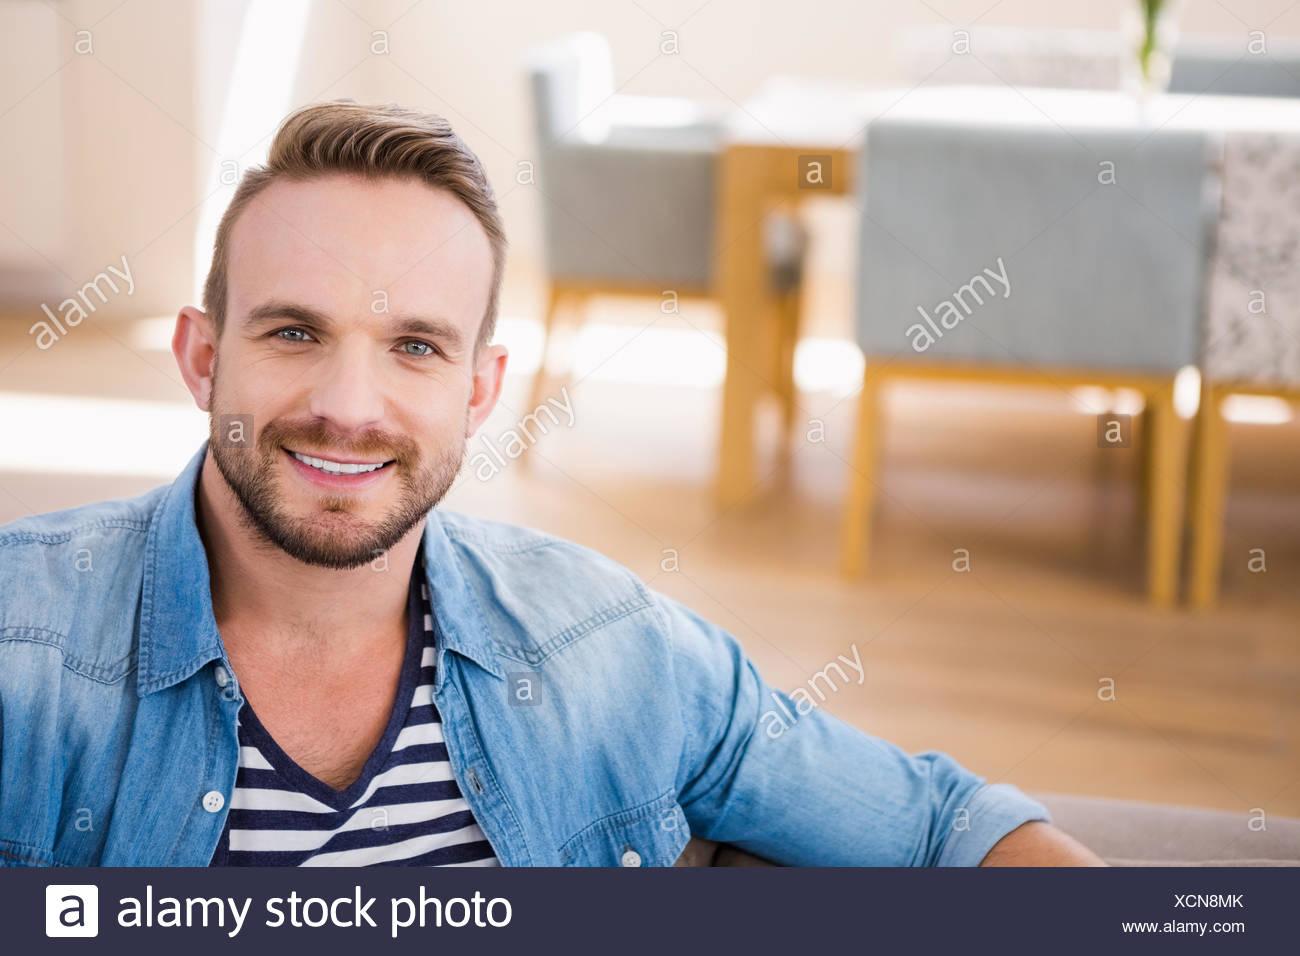 Handsome man smiling at camera - Stock Image
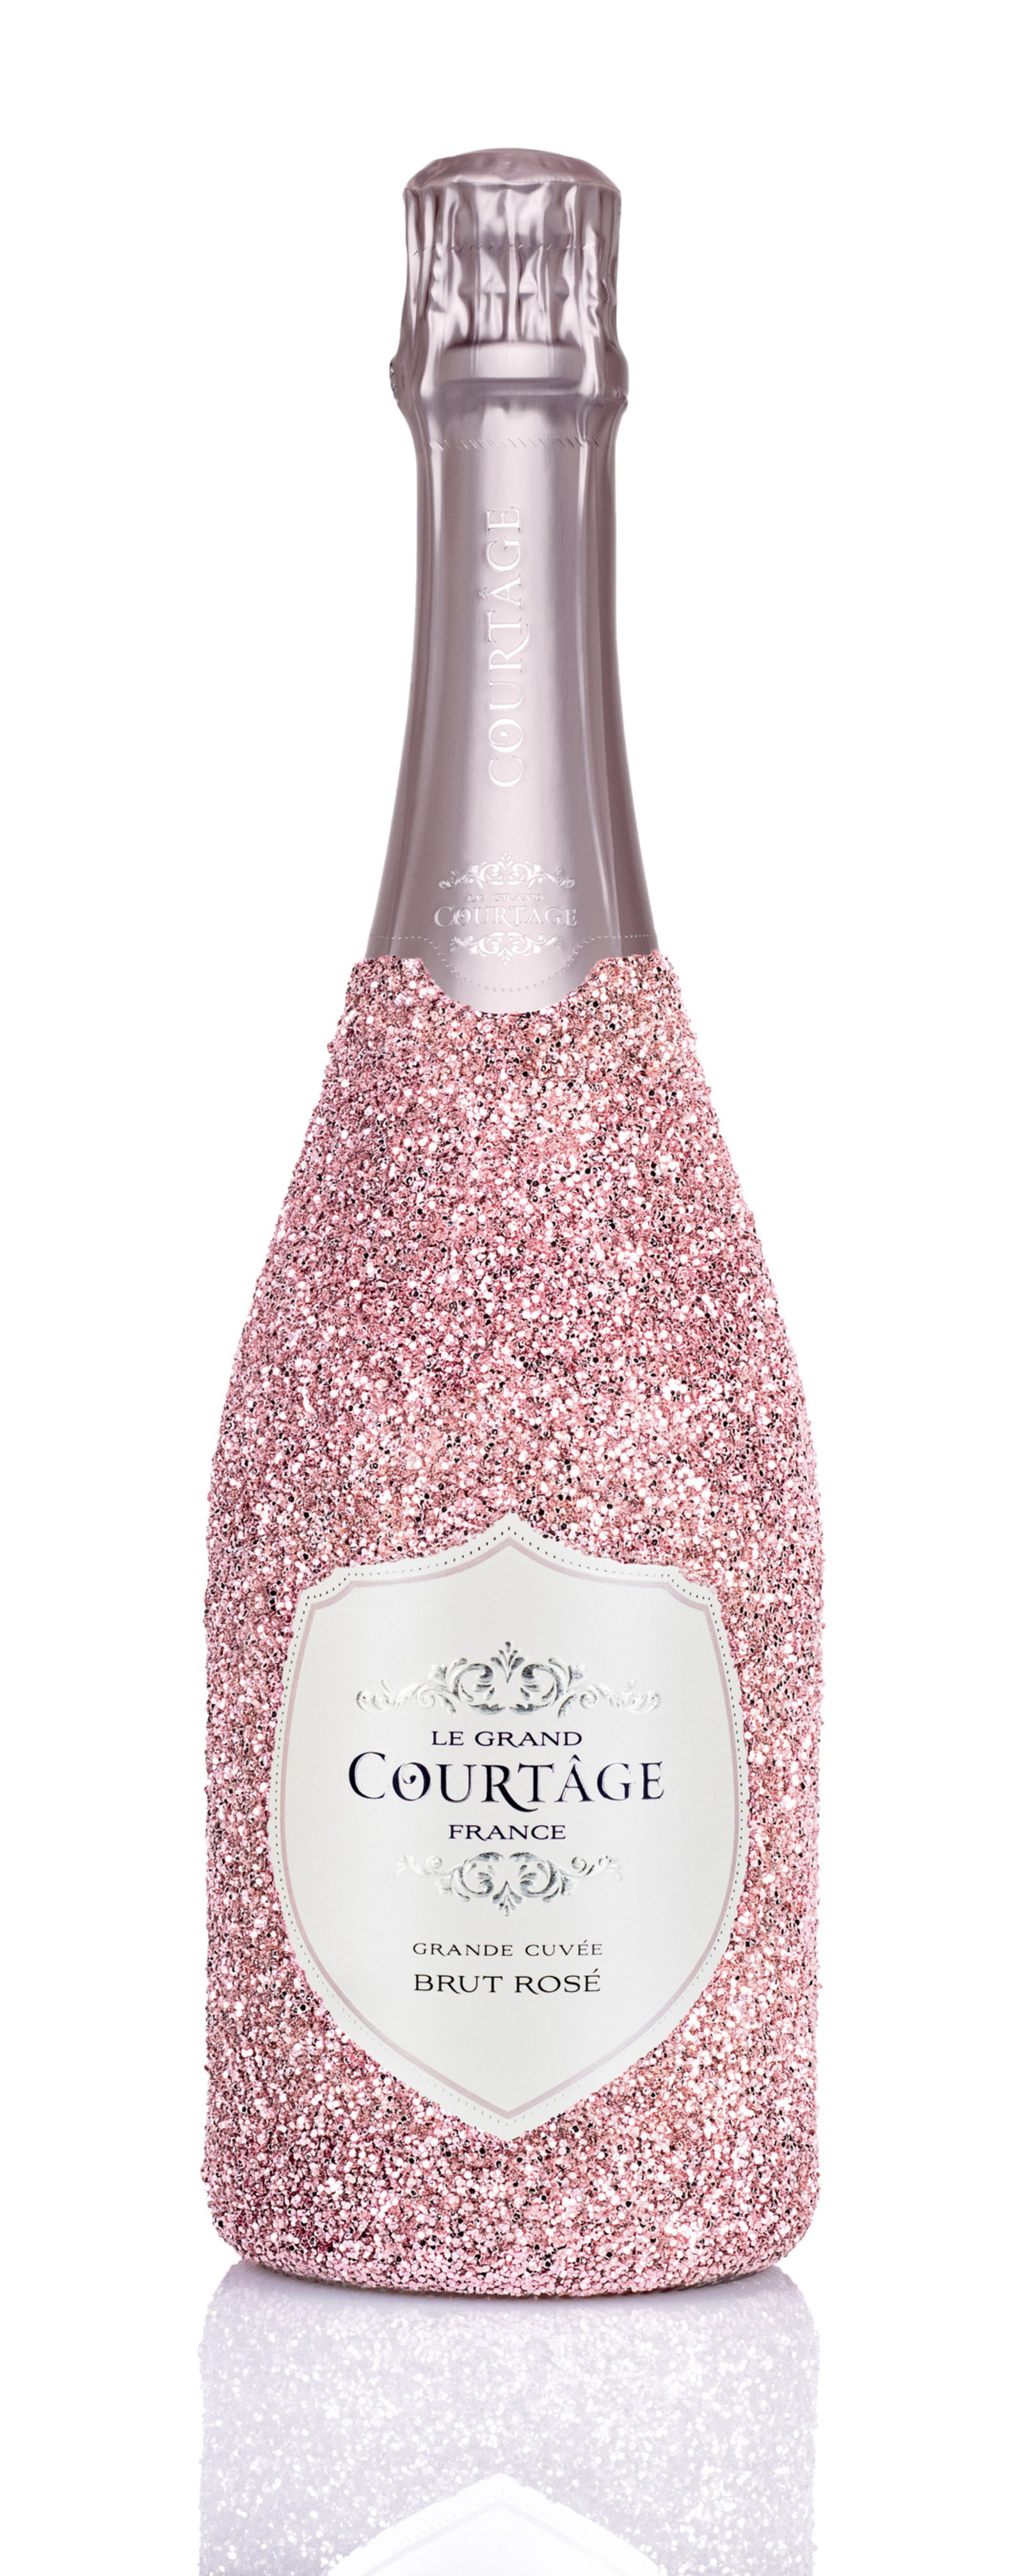 Le Grand Courtâge Releases Limited Edition Bedazzled Bottle
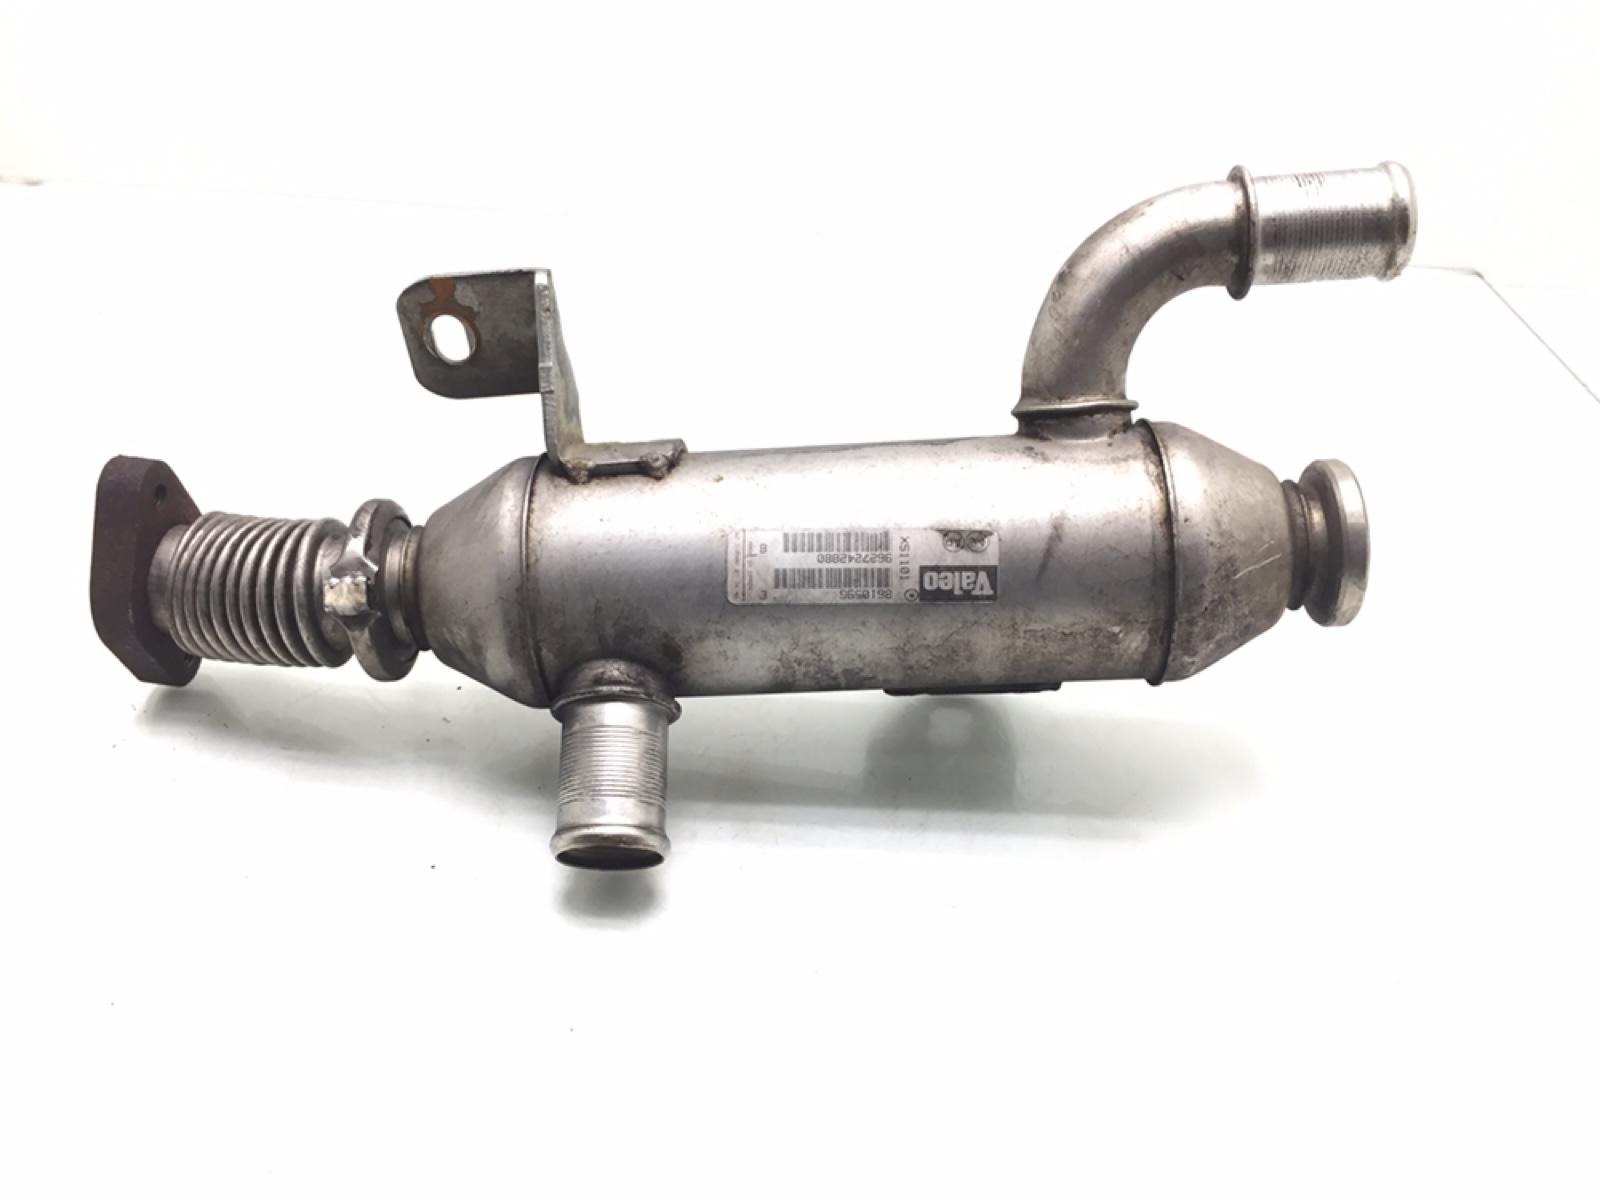 Радиатор egr Peugeot 406 2.0 HDI 2002 (б/у)

**Task item**
No pictures belong in the answer; copy all other parts of the listing exactly.

**Result for this task**
 Handsome man smiling at camera - Stock Image
 Le Grand Courtâge Releases Limited Edition Bedazzled Bottle
 Радиатор egr Peugeot 406 2.0 HDI 2002 (б/у)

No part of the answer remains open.